Most towns have an herbolario where they sell teas, herbs, veggie stuff, food supplements... If they don't have it they should be able to order it for the following day. Also some large supermarkets, big Carrefours for instance, carry it


----------



## Cazzy (Nov 23, 2008)

Thanks I asked in my Carrefour and they tried to sell me every type of milk but, it was like they had never heard of it and thought I was confused!!


----------



## Pesky Wesky (May 10, 2009)

Sorry, my reply should have read 
Big supermarkets like Carrefour _*may*_ carry it. 
In our Carrefour, which is a Carrefour Planet(!!) has a special health food section and I'm pretty sure you can get it there. I even heard that they have their own brand oat milk... Probably vicious rumours!


----------



## Cazzy (Nov 23, 2008)

Pesky Wesky said:


> Sorry, my reply should have read
> Big supermarkets like Carrefour _*may*_ carry it.
> In our Carrefour, which is a Carrefour Planet(!!) has a special health food section and I'm pretty sure you can get it there. I even heard that they have their own brand oat milk... Probably vicious rumours!



I went to a Carrefour Planet..... I think they thought I was from a different planet!!!, I even wrote it down in case I pronounced it wrong!!

I'll keep on searching, I might have to make it.


----------



## Brangus (May 1, 2010)

Try El Corte Inglés or any of its sister stores, like SuperCor, if those are in your area. El Corte Inglés carries its own Special Line brand, as well as Oatly, Santiveri, and Soria Natural brands.

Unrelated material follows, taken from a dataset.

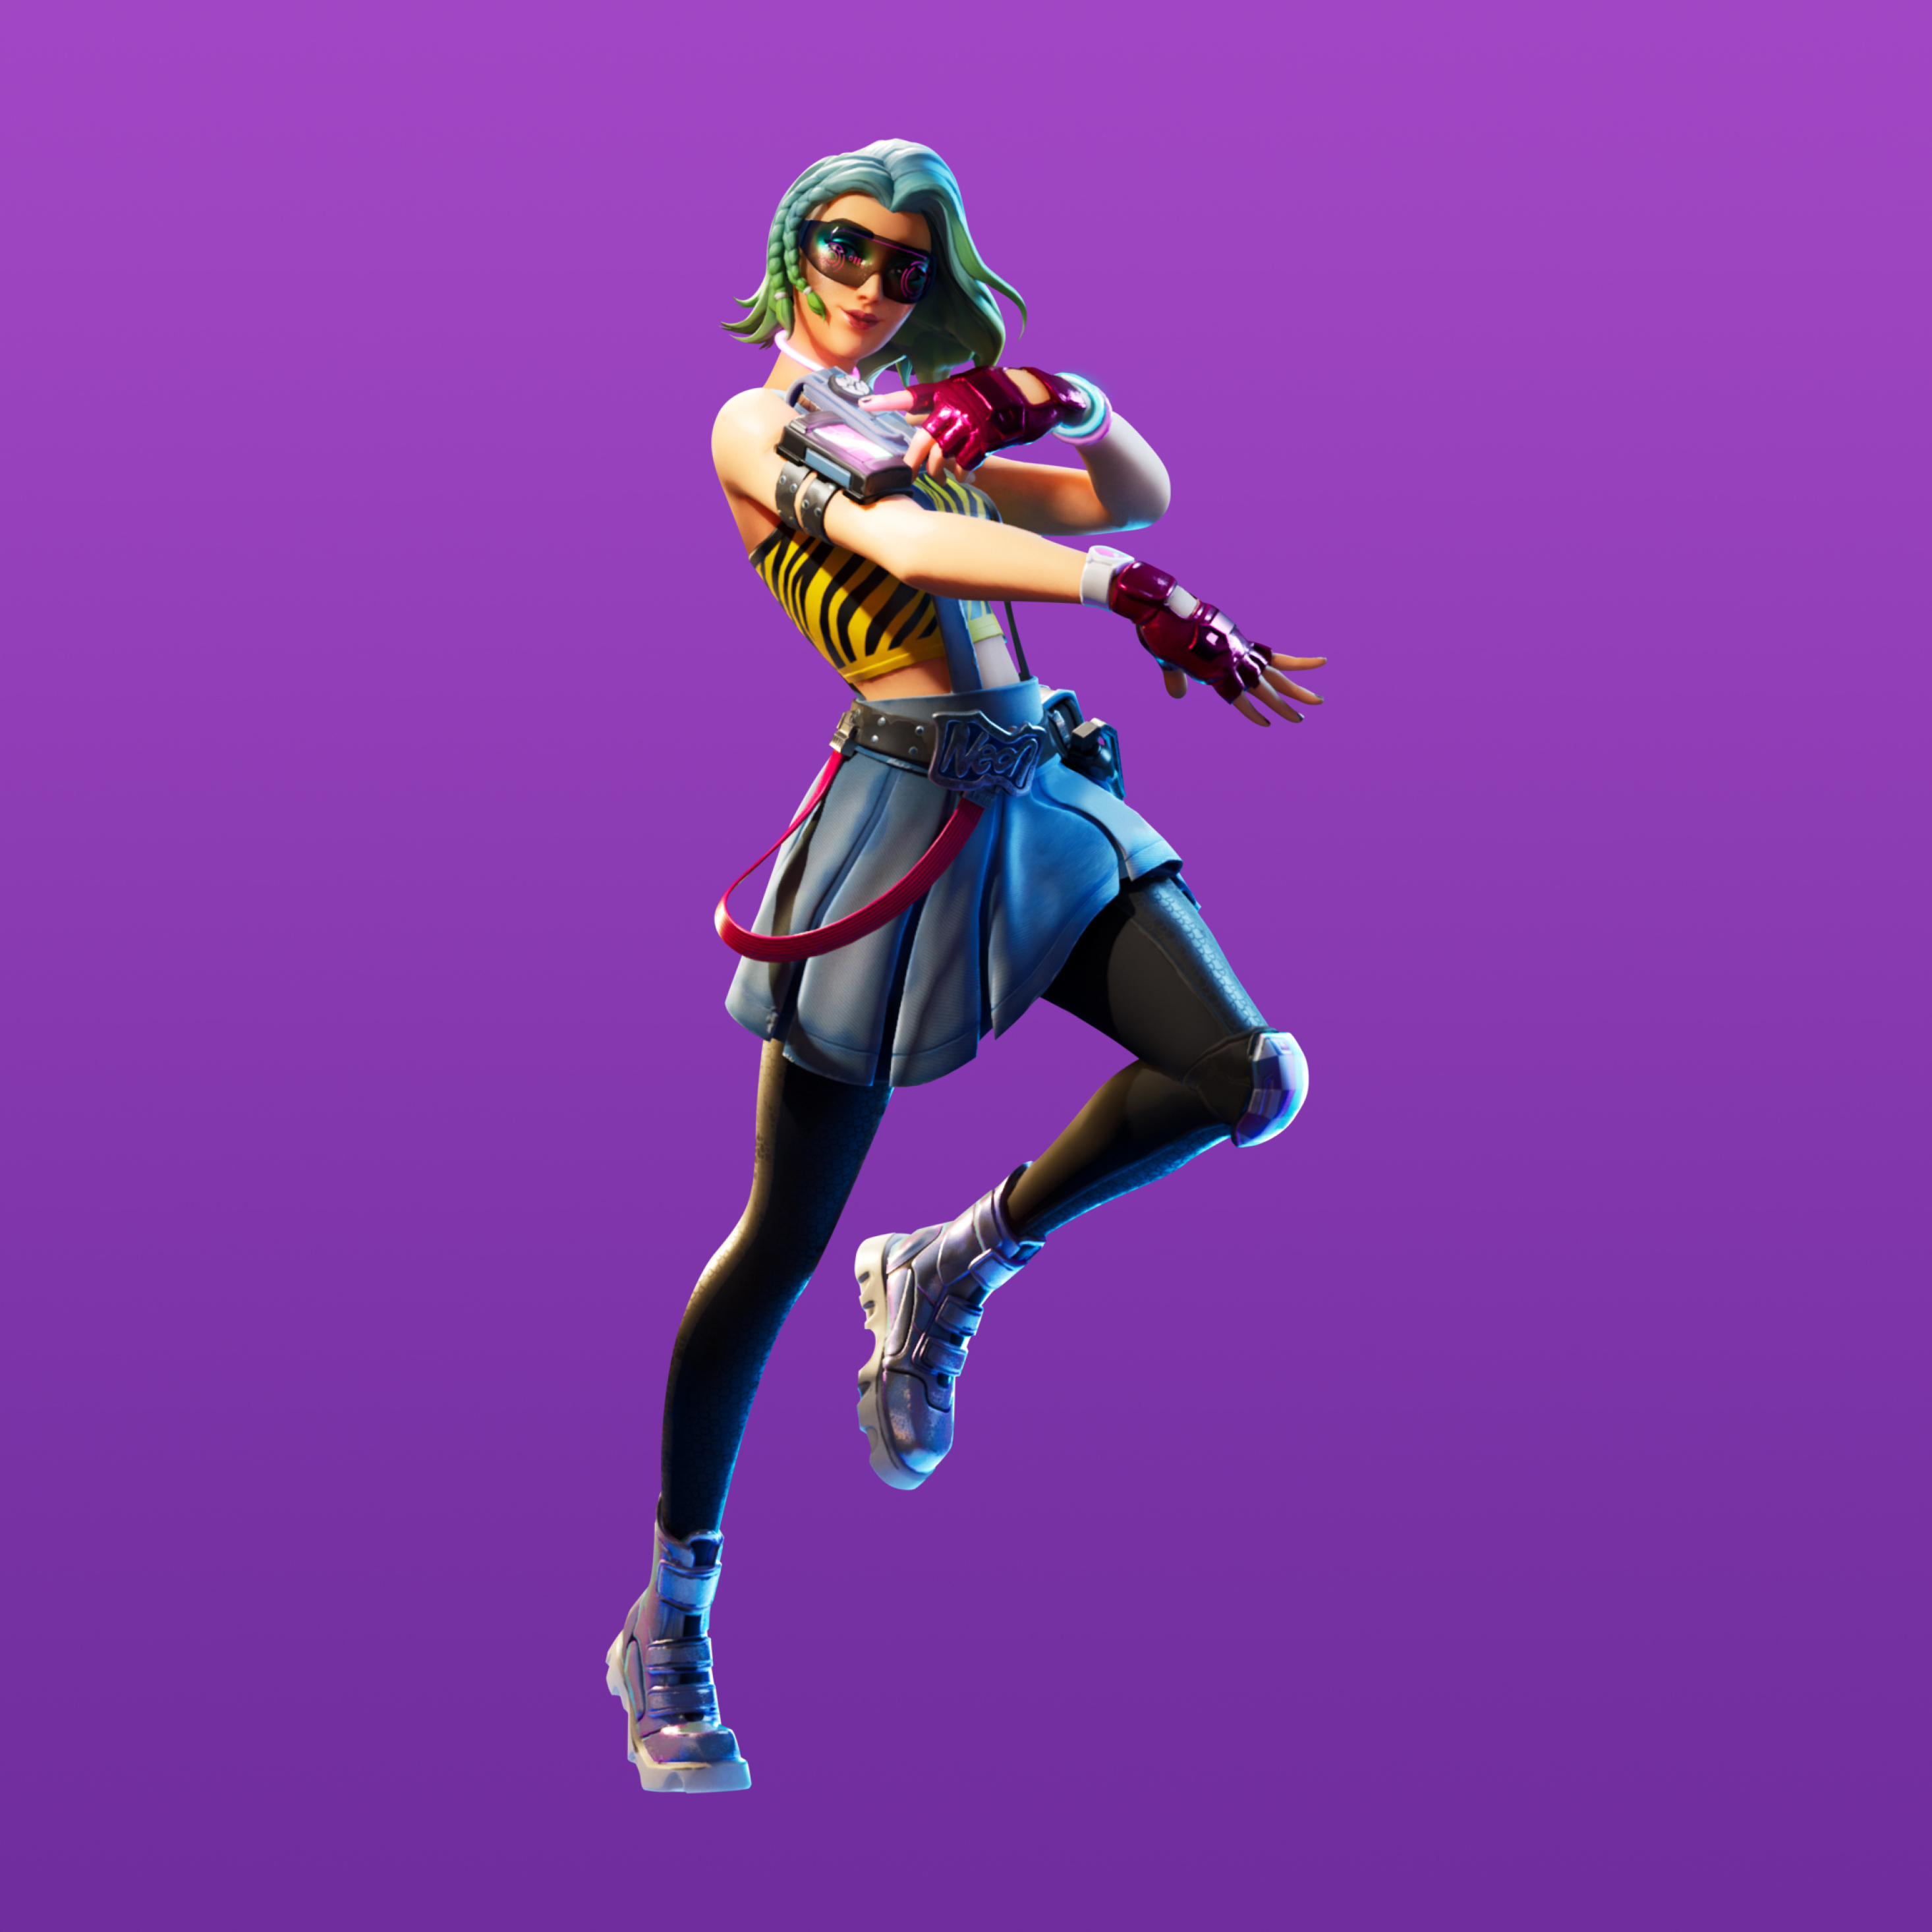 Cameo In Fortnite Chapter 2 (2932x2932) Resolution Wallpaper.

I agree that herbolarios are a good place to ask. My local Carrefour carries the Soria Natural brand of "bebida de avena" in a special aisle for "ecological" foods. They stock it next to the rice milk ("bebida de arroz") and other milk alternatives.


----------



## Pesky Wesky (May 10, 2009)

Well, I was in Carrefour planet today, and in the BIO section they had several brands of oat milk as well as soy, almond, quinoa etc etc, so I reckon your Carrefour planet must have at least one brand somewhere. They just don't know they stock it!


----------



## Cazzy (Nov 23, 2008)

Pesky Wesky said:


> Well, I was in Carrefour planet today, and in the BIO section they had several brands of oat milk as well as soy, almond, quinoa etc etc, so I reckon your Carrefour planet must have at least one brand somewhere. They just don't know they stock it!


Thanks for that I will try again tomorrow!!


----------



## fergie (Oct 4, 2010)

Hi Cazzy,
I was just googling oat milk as I'd never heard of it, and found this website with recipe to make it, they say it is easy, so may be useful if you can't find any in the shops.
Go Dairy Free | Homemade Oat Milk I (Vegan, Nut-Free, Soy-Free, Wheat-Free)


----------